Financial fraud (aka) abuse is increasing and the elderly are the most common victims. Here are some common causes of elder abuse and steps you can take to help someone you know.
- Family members: It’s distressing but children are often the most common perpetrators of financial fraud. It often starts quite innocently when they become the responsible person over Mom or Dad finances. In time, the child starts dipping into the accounts for their own needs. Over time a significant amount of assets disappear.
Steps you can take: It’s best to be transparent by having other family members stay involved. If there are more people involved in the process you have a better system of checks and balances.
- Internet, telephone, mail and IRS scams: They are becoming a daily annoyance and many are very good at conning their victims out of their money. A caller may be asking for money for a relative in need or to stop collection on a false IRS debt.
Steps you can take: Protect your personal information. Never give out information over the phone. Be very selective who you will release your social security number to.

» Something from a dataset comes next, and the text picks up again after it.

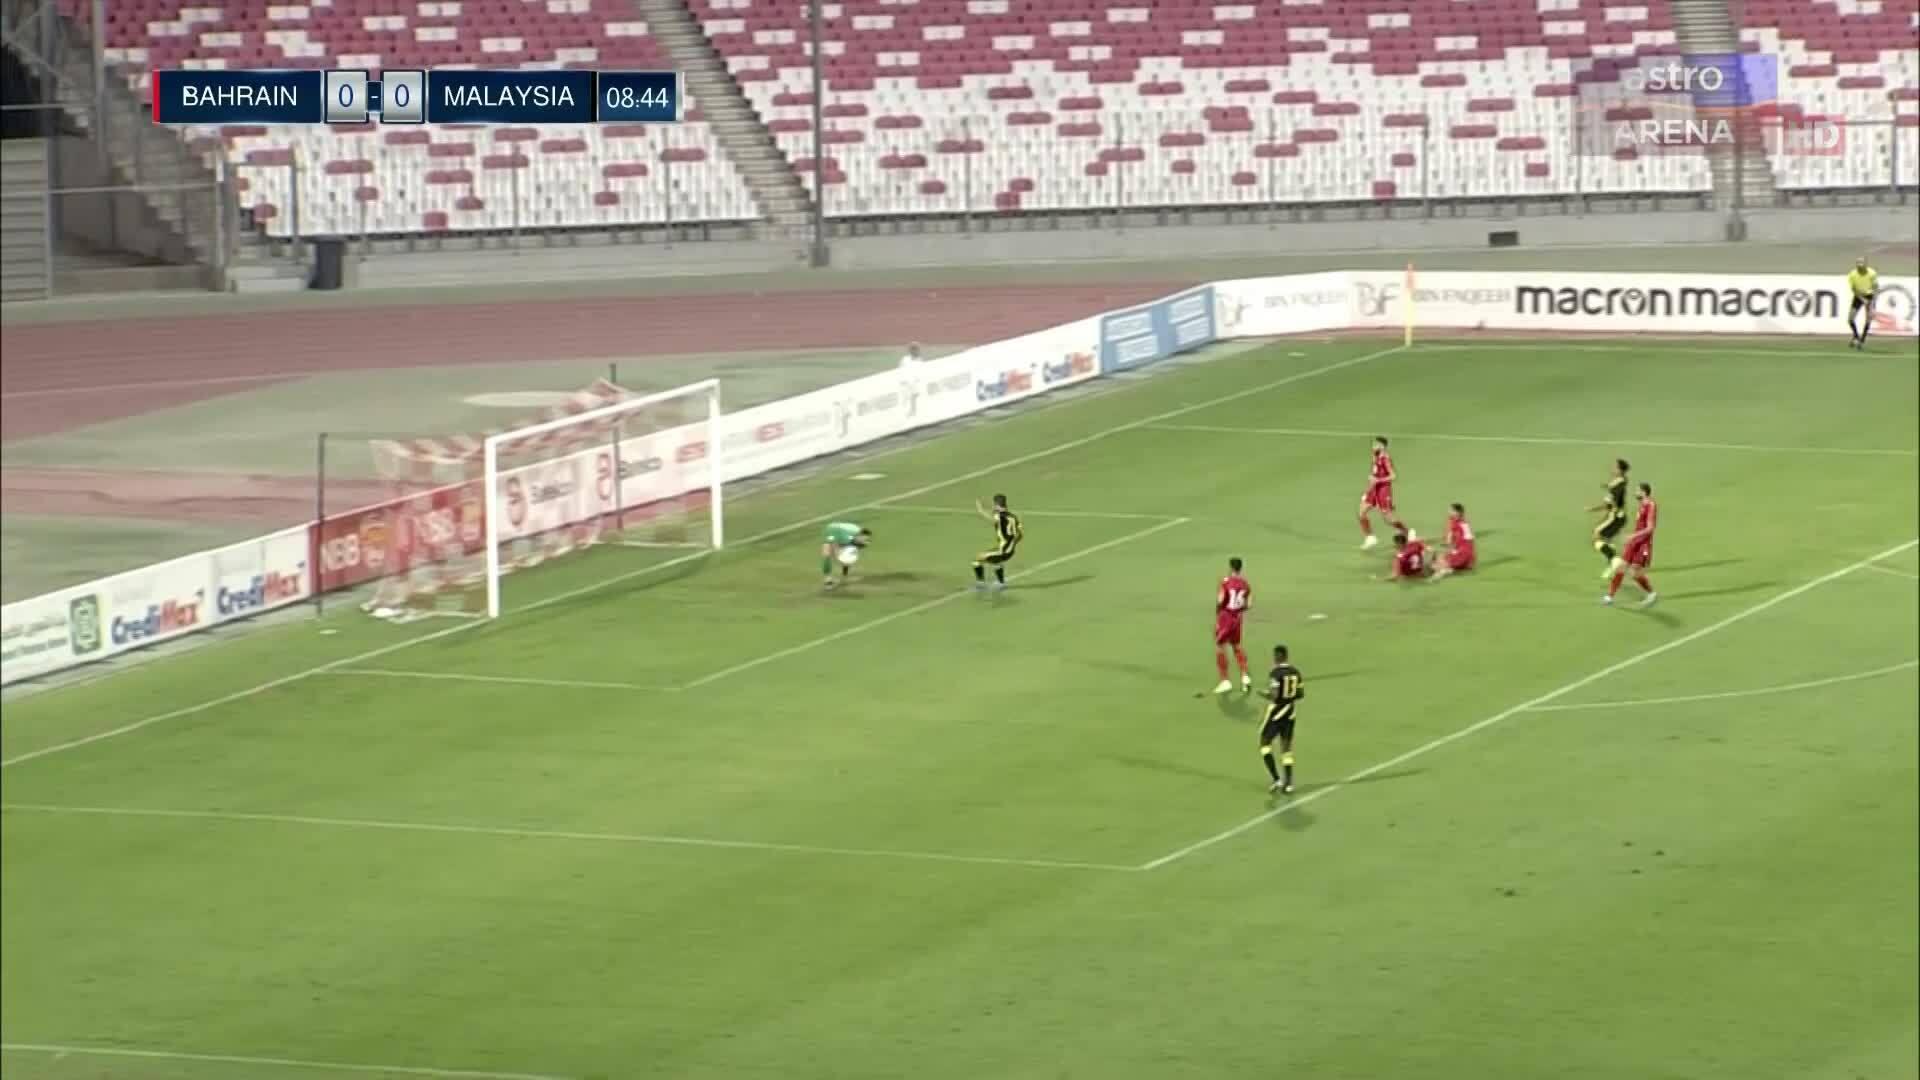 Malaysia 0-2 Bahrain
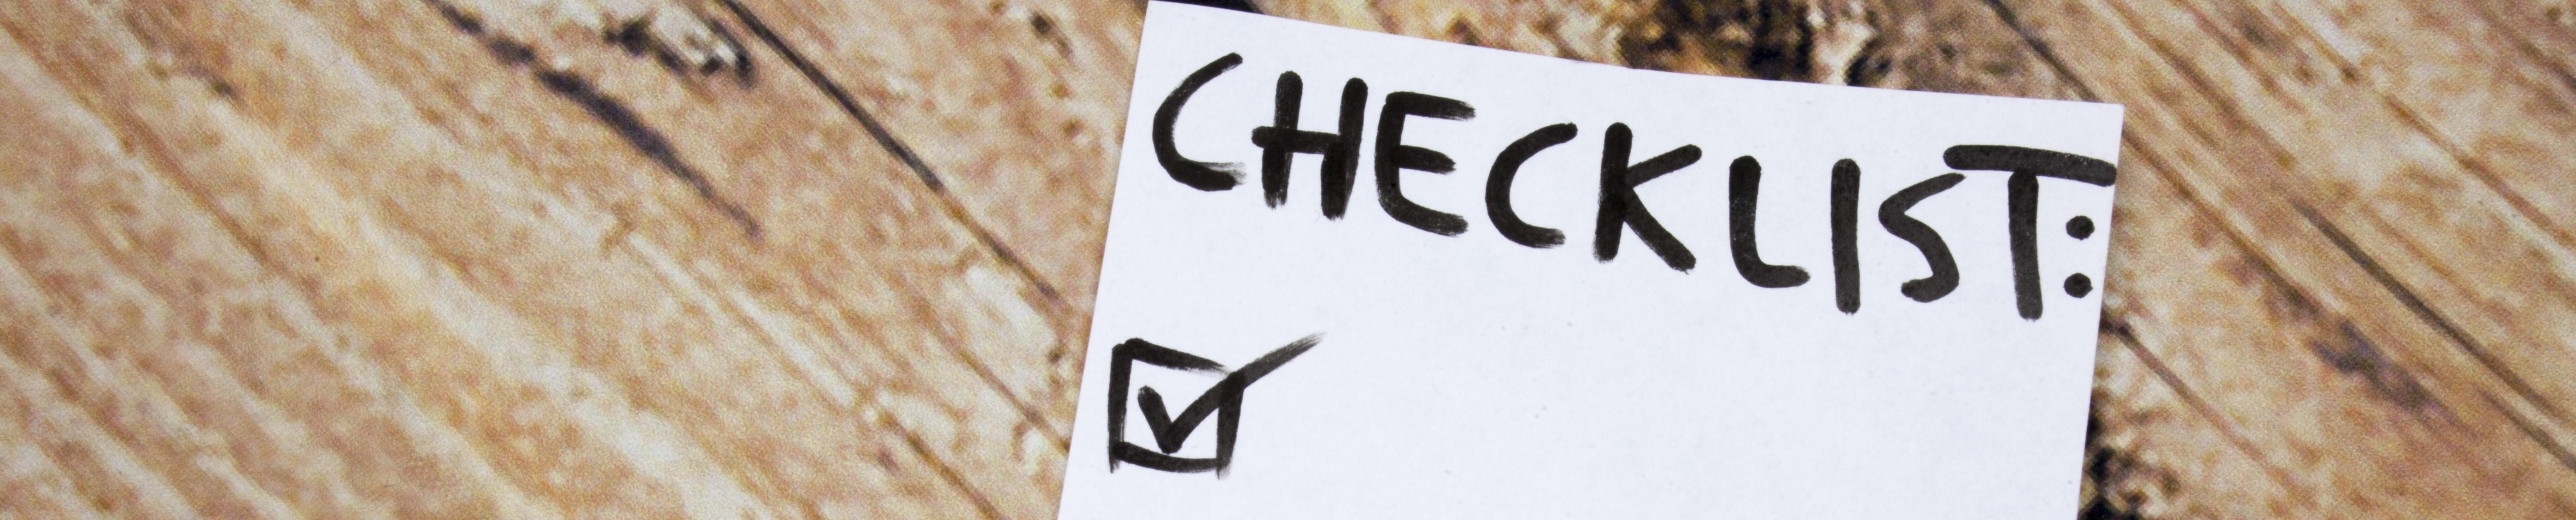 Customer Tip: Create a Daily Key Control System Checklist

Don’t pay out money unless a trusted friend or advisor is involved.
- Romance scams: Remember, many older adults, both woman, and men, are victimized in this manner.
Steps you can take: Be especially vigilant. Be aware of your environment. Try to look beyond the superficial. Limit your use of social media. Pursue relationships face-to-face. Unfortunately, in this day and age, deception comes in all shapes and sizes.
- Caregivers financial exploitation: This is a type of abuse that is difficult to prevent. These caregivers range from personal care aides who provide non-medical assistance such as helping with the laundry and cooking to home health aides. Older adults often rely on and trust in-home caregivers, and some caregivers have used that relationship to exploit their clients.
Steps you can take: Limit a caregiver access to an older adult’s ATM or credit card. Don’t leave valuable papers open and on tables for caregivers to see. Always have a criminal background check before hiring.